Importance of the 'visual' in online marketing

Visual distraction is what the internet specializes in, whether at work or writing a paper, one little click can pull you down the "just one more page and I'll get back to work" avenue. But, this same concept of visual distraction or even visual capture (because distraction is a rather negative term) when applied, can make your brand stand out from the crowd.

My last post covered the unexpected/lovable introduction of Pinterest into our social networks. Only a few weeks after I published the post, I'm noticing many people integrating their Pinterest feeds on Facebook and websites that are incorporating the Pin It buttons, with the aim to simplify the process of social share.

This time around, I've stumbled upon Conceptually this platform is designed to be quite similar to Pinterest, you can follow different categories according to your interests. The one cool feature about Mobli is that it supports sharing photos/videos in real time.

Growth in social platforms that are focusing on the visual only means one thing-- one can't deny the need to make your web presence appear aesthetic.

An image speaks louder than words there by ensuring your message has a better chance of lingering around in the viewer's mind. While focusing on content, many companies over look the 'image' aspect. Lets face facts, some brands aren't as glamorous as other brands but a DIY brand like HGTV on Pinterest is a great example of segmenting and diversifying your outreach using images that can be of interest to your audience.

Benefits of image incorporation within your web content

1. Improving social experience: Looking at some brands, I get a feeling that companies seem to forget that their web presence isn't just about providing their audience with the right content, it is also about providing an experience. Using images as part of your content is a smart way to practice experiential marketing in the virtual world.


2. Brand presentation: Images are the core of eloquent visual rhetorics. Harnessing on the power of images, you can build a desirable brand image.

Source: Moon Games by Laurent Laveder

3. Speak better than words: Brands can build stories that transcend the language barrier. Visuals speak for themselves and can help you send out subtle messages. At times visuals can be used to simplify a message that can appear complicated when explained with the use of text.


3. Search/Social media optimisation: Appropriate use of tags on images will ensure a rise in web traffic. Not all these people who land on your page will be interested in what you offer but there is always a good percentage of viewers who will click on the 'Website for this image' link to read more. In terms of social media optimisation, good descriptions below images can get the audience to click on your link,  presented with the image.

Things to consider when using visuals

1. Use high quality, beautiful images!
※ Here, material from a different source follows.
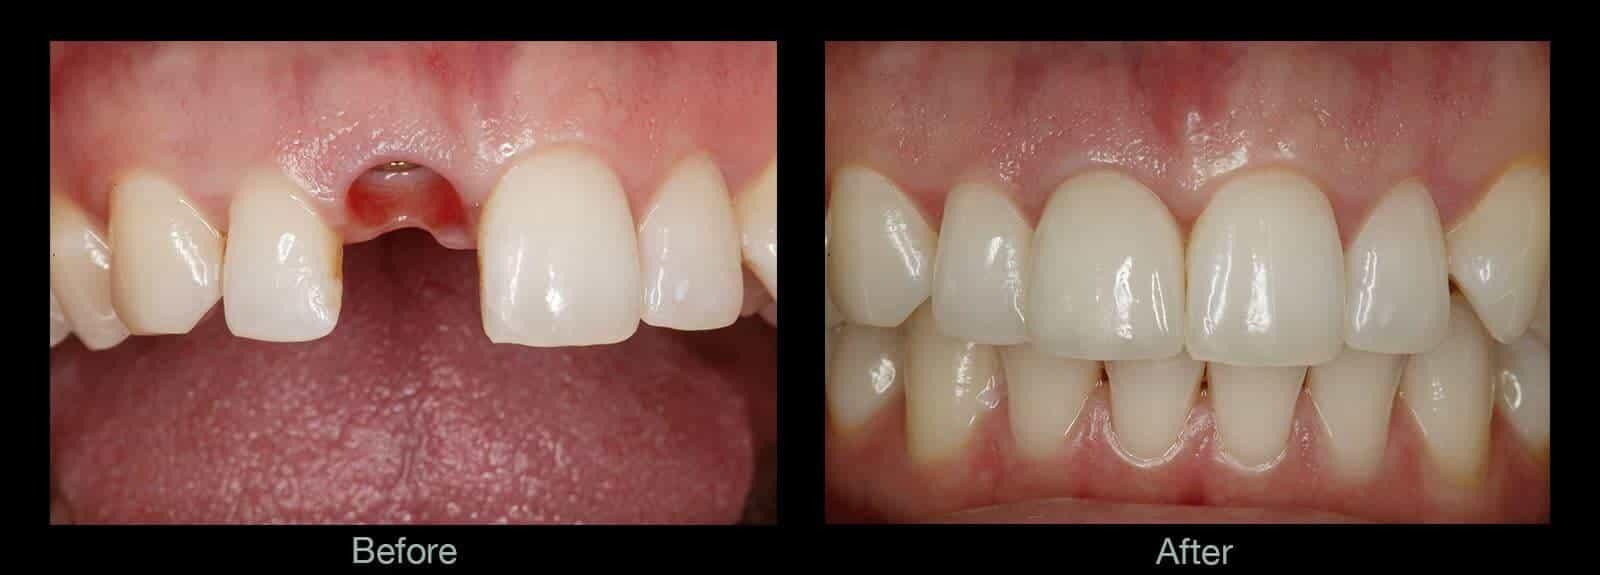 image-gambar-layanan-https://s3-ap-southeast-1.amazonaws.com/public-medicaboo/1712277567135_Dental-Implants-Before-After-Pictures.jpg

Poor images will have an opposite effect on the audience and turn them away.

2. Make images clickable. Nothing is more annoying on the website than having an image that cannot be clicked.

3. Concentrate on tagging. It is important to have tags that are not misleading.

4. Credit image source.

5. Insert spaces when required. Quite often I've noticed web pages where images and textual content appears congested. Good designing practice requires empty space to be left between images and text.
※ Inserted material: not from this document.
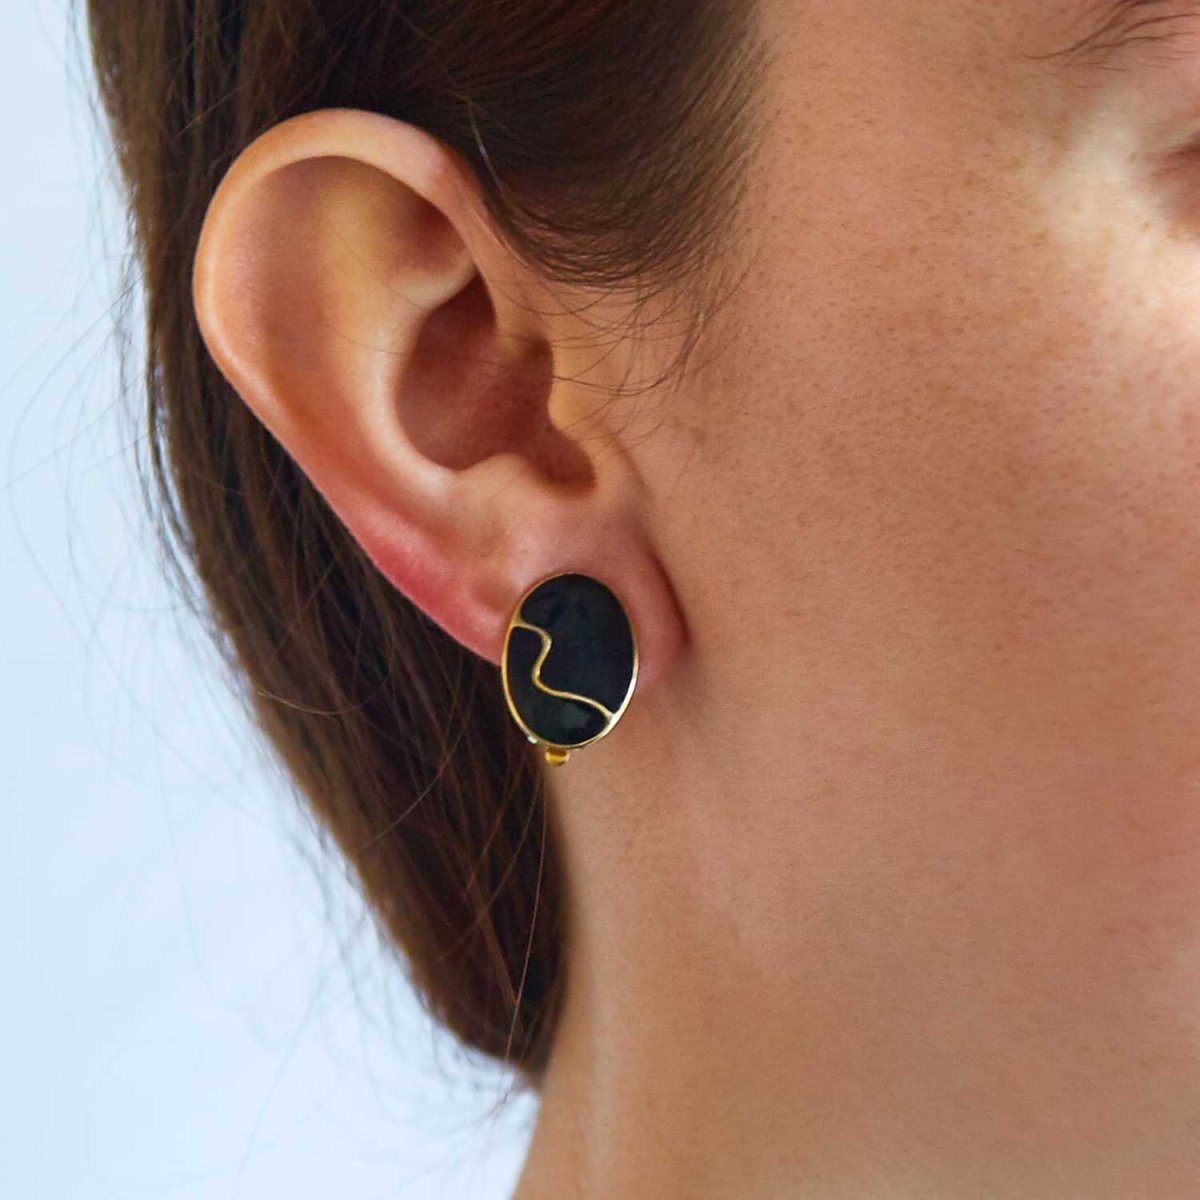 Vintage Black and Gold Minimalist Earrings - Admiral Row

6. Use creative inspiration from digital design websites like Beautiful Life.

Some of the world's most popular brands have attractive and pleasant visuals accompanying their content. Investing a bit more in acquiring high quality images from stock websites or hiring a professional photographer will always have a good return. Furthermore, you can use Pinterest, Flickr, Google+ and now Mobli to share your photos online!

Talking about visual experience, just yesterday I found this website for Sandvik (An Engineering Group). One might consider their brand to be uncool but the brilliant visual experience the site has to offer has something else to say! This is a great example of how you can take some of the most unglamorous brand related imagery over 125 years of manufacturing and produce something so engaging.